Thanks, a2j :-)
Harry's put together a blog post about what went in, but the real biggie was the switch of our file server image to Ubuntu.
Here's what we thought would go wrong, and what actually did... probably in more detail than you want or need, but perhaps you'll find it interesting,
The risk we were concerned about was that it might take a long time to mount the old user storage volumes. When we go live with a new cluster, all of the volumes that store everyone's data are detached from the old cluster, attached to the new one, then mounted.
In our tests, we'd discovered that if we created a fresh storage volume from one of our backup snapshots of a real live user storage volume, then attached it to a file server based on the new image, it could take almost three hours to mount the first time. As all of our final tests that the new system could mount the old system's volumes were based around such snapshots, this was worrying, as it could have meant that we would be out for three hours.

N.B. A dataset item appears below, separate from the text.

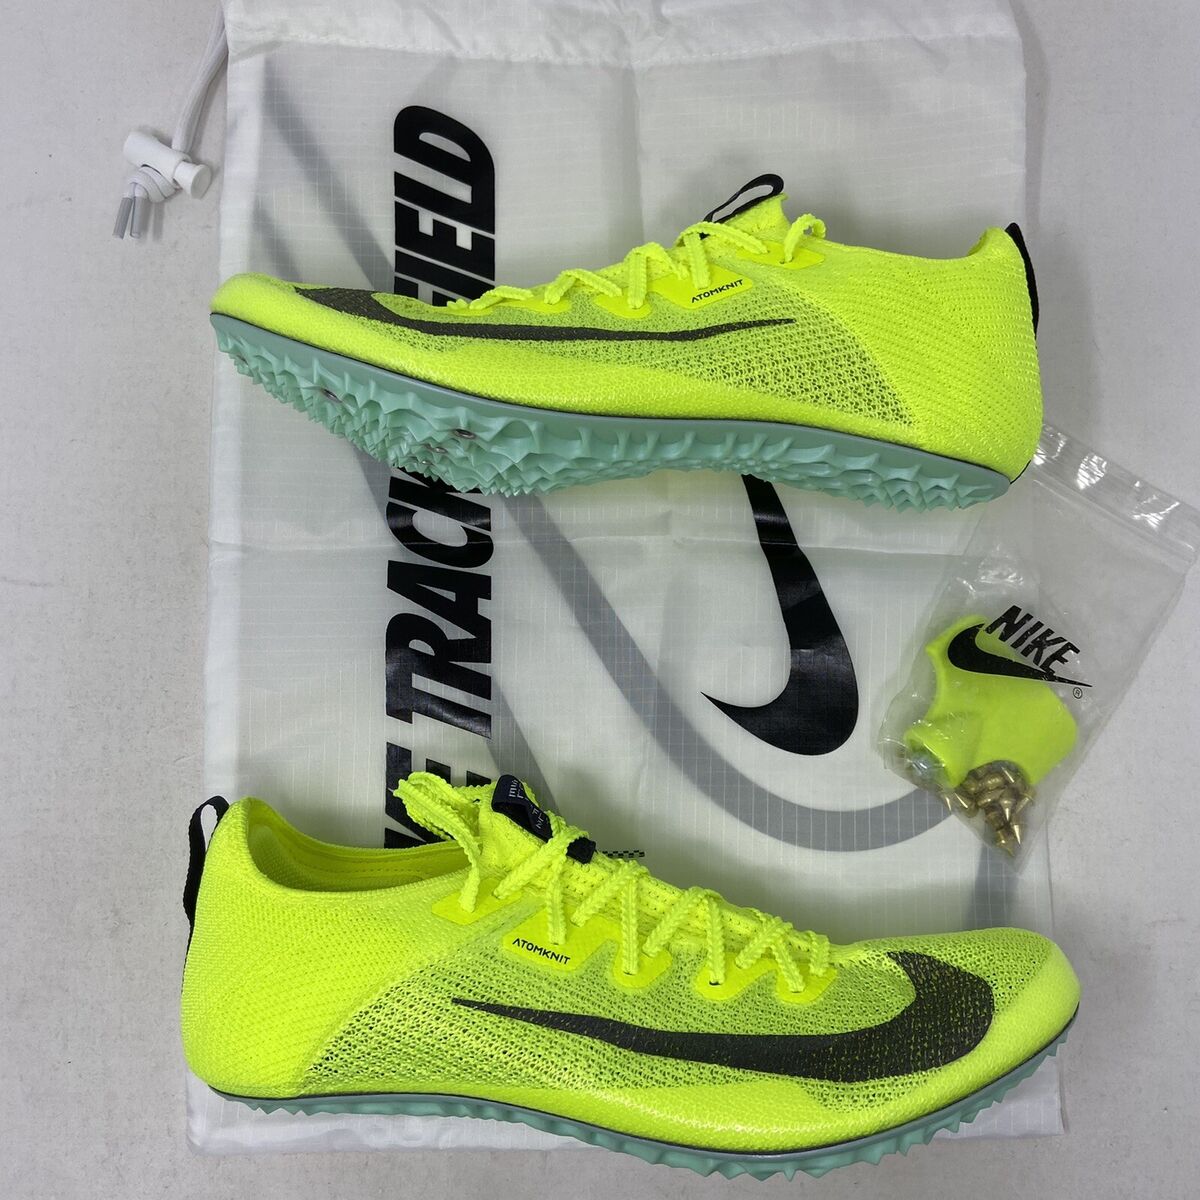 Nike Zoom Superfly 2 Volt Green Mint Track Spikes DR9923-700 Mens 10.5 | eBay

But then we discovered that when we tried to mount such a snapshot on a server based on the old Debian image, it also took a very long time. So we thought that perhaps the slowness was an artifact of the "created from a snapshot" nature of the volumes we were mounting, and not something to do with the new fileserver image. In other words, it was the way we were testing, not the thing we were testing.
Unfortunately the only way to find out if this was the case was to do a deploy to the live environment, which is why we did it at 4am -- the three hours from 4am-7am UTC are our slowest time of day in terms of users, so it would cause the least harm if there was a 3-hour outage.
When we did the deploy, it turned out that mounting the old user storage onto the new cluster was almost instant. We were OK!
What we'd missed out on was something quite unrelated. We deploy new code from a checkout on an workstation in the office, as upgrading PythonAnywhere is the one thing we can't do from PythonAnywhere [images of someone performing brain surgery on himself]. This local checkout was on an Arch Linux VM I have running on my Windows 7 workstation; that's pretty much our standard procedure. But what I'd missed was that this time I'd checked out the codebase into a directory that was actually on the Windows filesystem, mounted into the Arch VM using VirtualBox's directory-sharing feature. This meant that the checkout did not have the right file permissions -- everything in such a volume has 600 perms. And those incorrect permissions were on the files that were copied up to the machines in the new cluster.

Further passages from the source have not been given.